As an observer of the debate and anchorman for the ensuing discussion I have waited ten days before adding my own view to all this. In truth, I cannot sum up the complexity and detail, or render the passion and eloquence of many of the arguments. But the cumulative effect on me was to sharpen the conclusion that I was witnessing something coming, however slowly, to an end. The debate about OA and Plan S is not an end in itself. Subscription publishing will never reassert itself and OA disappear. Nor will the world slowly become totally OA. The changes and the debate point to bigger and more fundamental changes. I was left feeling that just as we have been through Digital Replacement – all paper based content went digital – followed by Digital Transformation – the workflows and processes went digital and became wholly network interconnected – we now approach Digital Re-invention – in which the forms and artefacts of the analogue world themselves give way to digital connectivity which not only alters relationships in the network, but introduces the computer, the machine as reader and researcher, into the workflow. 

We are now in a situation where the old generalities are becoming useless. STM and HSS are near meaningless, given the differences between Life Sciences and Physics, or Chemistry, as research communication fields. Likewise statistical social sciences and humanities. And when I asked what the identifiable critical information problems of scientists were I got two answers – Reproducibility and Methodology. In other words, researchers were anxious to repeat previous experiments using the same or different data or conditions in order to see if results were the same, and they wished to explore the methods used by successful experiments  in order to justify a choice of methodology. Response to these demands requires that all of the data is available and connected by metadata, which is evidently not the case. And of course, specialist services will come into play to meet the needs – in these cases, and Ripeta and Gigantum (both new members at Digital Science). These are the type of tools that researchers will use. So what about the books, journals, articles? Who will read them? The answer of course is the intelligent machine, and the nomenclature will change as it becomes obvious that the machine is only interested in content-as-data, not in format at all. 

I asked, again and in vain, whether any publishers present had an idea of the current proportion of usage made by non search bot machines. But the fact is we are not measuring this. And we all nodded when someone said the next generation just want to get the preprint done and stop there – getting something into the network with a growing confidence that it will be found seems to be the thing. We are certainly getting smarter at measuring impact and dissemination, though still behind the curve in accomplishing those vital matters. And, Lordy, Lordy, we do have an industry hang up about the way academics are rewarded with tenure and grant support. Is it so frightening for us to imagine change here because we have hung the future of academic publishing around the neck of an archaic system of academic rewards? Why is it that we always think that change only occurs in our sub sector and the rest of the world stays constant? There is already movement around impact factors in academic review systems. The very fact of PlanS shows funders getting more interested in measuring impact and increasing dissemination. The only certainty about a network is that when one position alters, so do all the rest. 
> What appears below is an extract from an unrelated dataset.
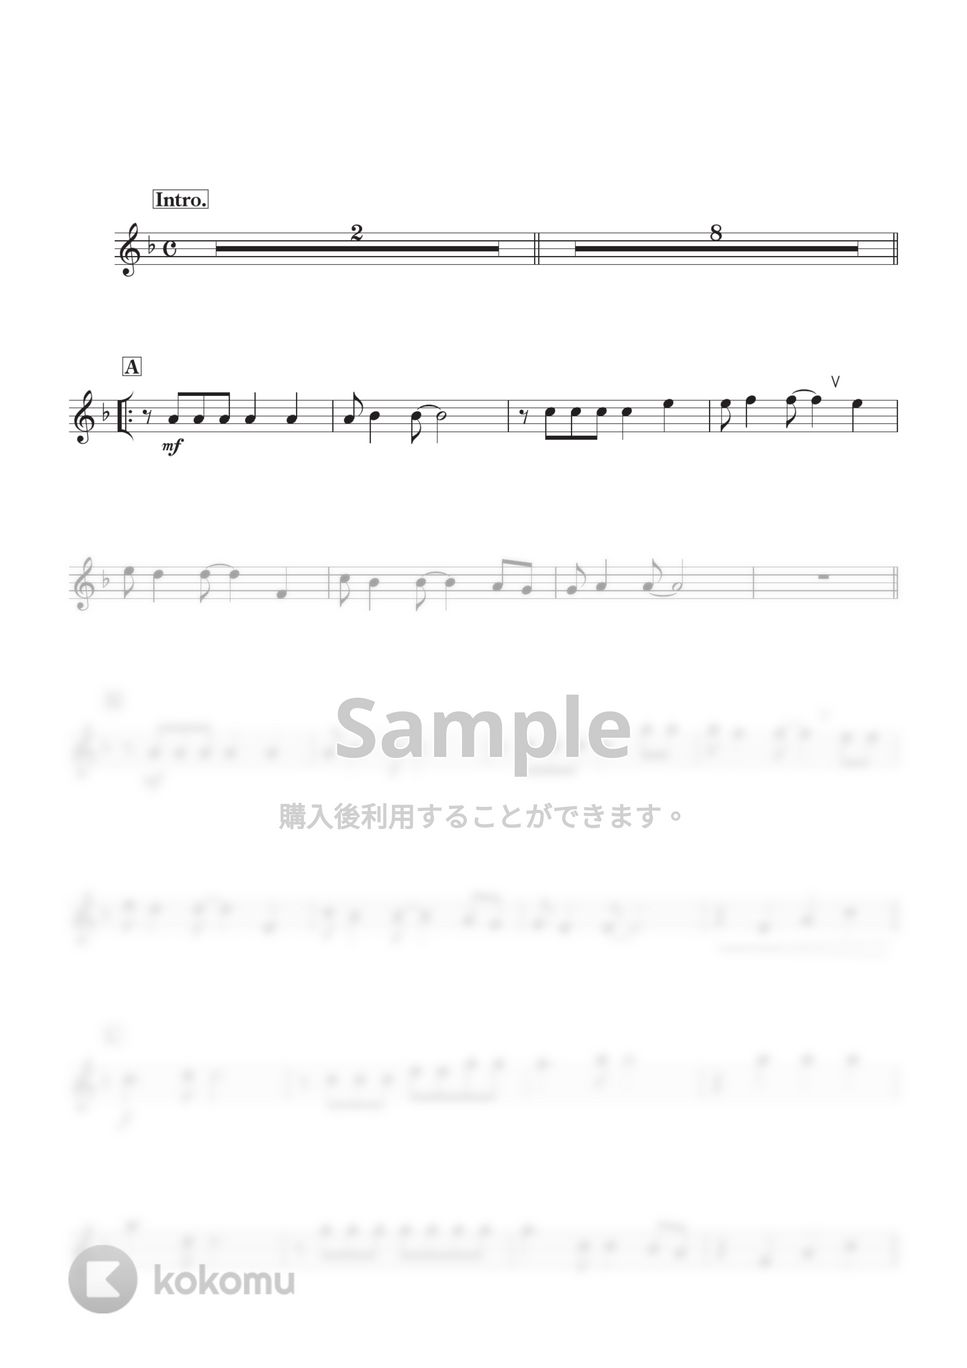 スピッツ - 魔法のコトバ (C) by kanamusic

So my concerns about this sector remain  more about the pace of change than the direction. Work like the eLife Reproducible Document Stack (RDS) is fascinating in this regard – will we interconnect the research lab manuals and review the work in progress at some point? Or will publishing be an automated function of the RDS in time. Whatever happens, we will always need the presence of cross industry multi-disciplinary groups like Fiesole to get the vital perspective, the view from a hill.